Note that the function g in this case is the indicator function. It is always enough to provide a function handle describing the operation of the function over its domain, and therefore in this case the input Gfun is the zeros function @(x)0. In addition, whenever g is an indicator function, the input lambda can be chosen to be any positive number. In the above, we picked it as 1, but any other positive number would give the same results.

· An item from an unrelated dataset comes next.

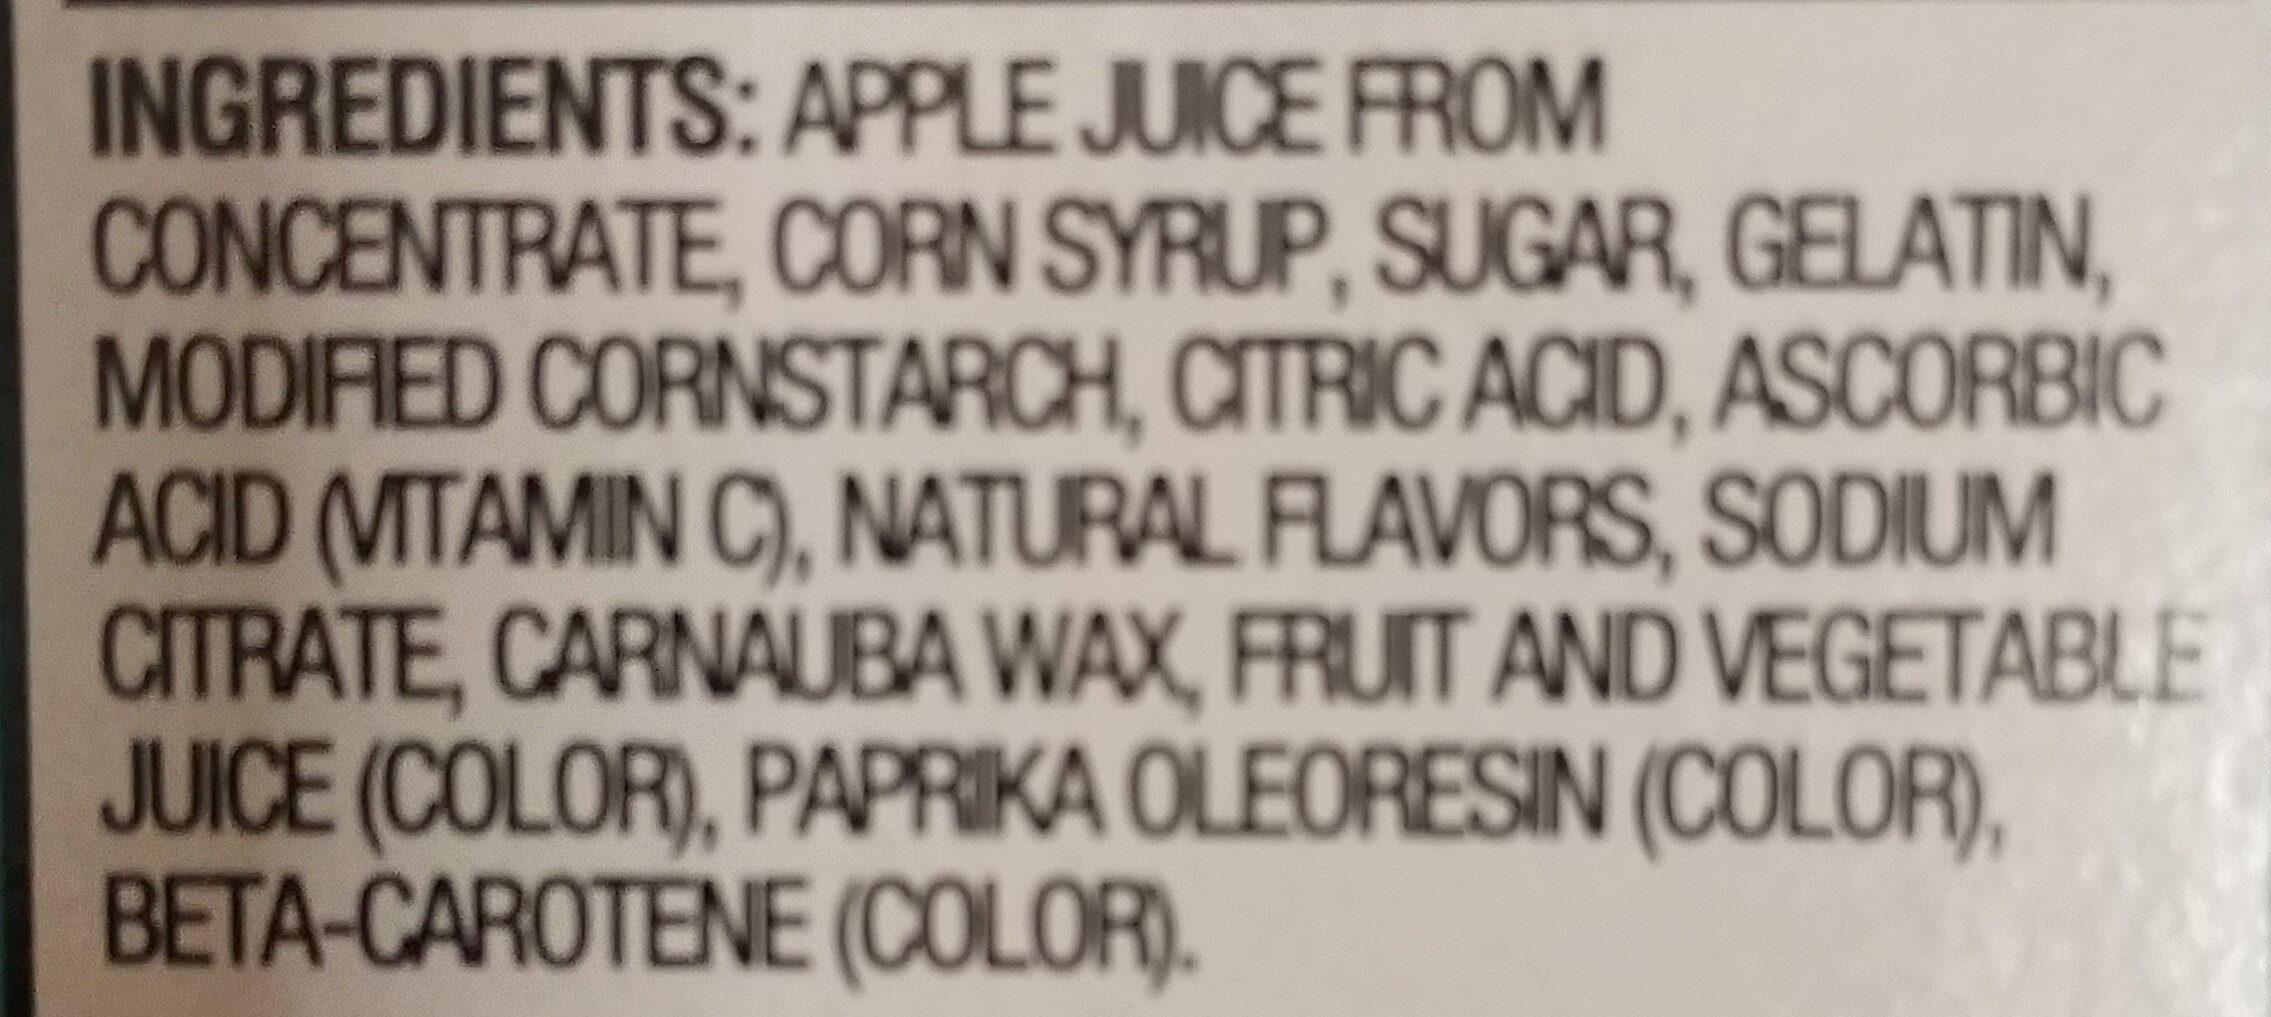 Fruit Flavored Snacks Assorted Tropical Flavors - Ingredients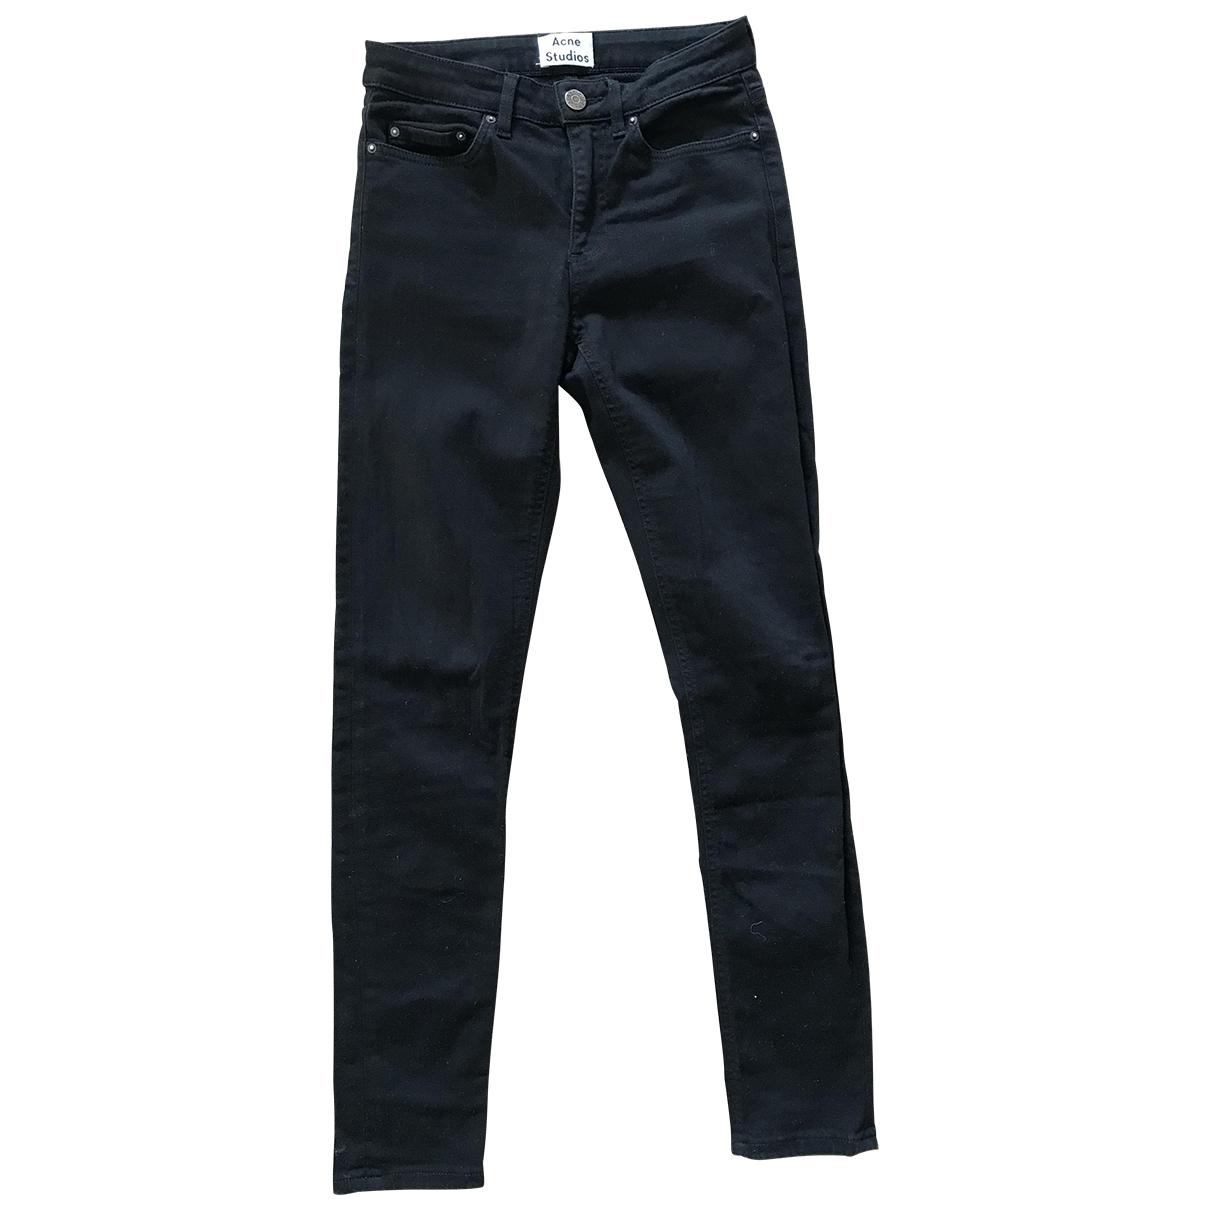 Acne Studios Skin 5 Black Cotton - elasthane Jeans for Women 25 US

The convergence of the method is actually rather slow. We can change the parameter  par.alpha that controls the size of the stepsize of the method. For example, if we change the parameter from its default value (1) to 0.2, then a better solution is obtained. 

>> par.alpha=0.2;
>> [out,fmin,parout] =prox_subgradient(@(x)max(A*x),@(x)f_sgrad(x,A),@(x)0,@(x,a)proj_simplex(x),1,1/50*ones(50,1),par);
*********************
prox_subgradient
*********************
#iter       fun. val.
    17        0.322719 
    45        0.298787 
    91        0.285807 
   100        0.262558 
   113        0.254367 
   166        0.212918 
   202        0.210958 
   244        0.208830 
   273        0.184355 
   340        0.175955 
   403        0.159825 
   571        0.133207 
   909        0.124190 
  1467        0.112681 
  1763        0.108899 
  2331        0.108137 
  2376        0.108009 
  2389        0.107461 
  2397        0.093708 
  3793        0.086194 
  4069        0.085349 
  4570        0.085092 
  4997        0.082550 
  5675        0.081925 
  7103        0.074788 
  9926        0.074581 
----------------------------------
Optimal value =        0.074581 

Changing the alpha parameter to 1000 will cause the method to be slow at the extent that it will not produce a vector with better function value than the one of the initial vector. 

>> par.alpha=1000;
>>  [out,fmin,parout] =prox_subgradient(@(x)max(A*x),@(x)f_sgrad(x,A),@(x)0,...
@(x,a)proj_simplex(x),1,1/50*ones(50,1),par);

*********************
prox_subgradient
*********************
#iter       fun. val.
----------------------------------
Optimal value =        0.346508 

In the setting of optimizing over the unit simplex, a different alternative for the proximal subgradient method is the CoMirror descent method. To run 10000 iterations of the method, we use the function comd.  

>> clear parmd
>> parmd.max_iter=10000;
>> comd(@(x)max(A*x),@(x)f_sgrad(x,A),[],[],'simplex',1/50*ones(50,1),parmd);

*********************
Co-Mirror
*********************
#iter       fun. val.
     1        0.350156 
     2        0.312403 
     4        0.279940 
     5        0.259271 
     7        0.243640 
     9        0.204193 
    12        0.187565 
    15        0.186997 
    17        0.172044 
    21        0.156235 
    23        0.137774 
    34        0.121630 
    41        0.115435 
    45        0.114972 
    54        0.107758 
    62        0.096070 
    92        0.091377 
    96        0.086894 
   117        0.084414 
   136        0.080446 
   147        0.077282 
   199        0.074767 
   219        0.072659 
   234        0.069779 
   287        0.067462 
   311        0.067183 
   358        0.062960 
   381        0.061144 
   540        0.060613 
   624        0.059061 
   682        0.058997 
   787        0.057378 
   840        0.057114 
   945        0.056340 
   986        0.055261 
  1217        0.054538 
  1850        0.054488 
  1862        0.054259 
  1864        0.054216 
  1903        0.054068 
  2014        0.053233 
  2554        0.053072 
  2698        0.052960 
  2835        0.052414 
  2982        0.051827 
  4189        0.051738 
  4224        0.050887 
  6901        0.050879 
  7727        0.050688 
  9977        0.050557 
----------------------------------
Optimal value =        0.050557 

Obviously, a better solution was obtained.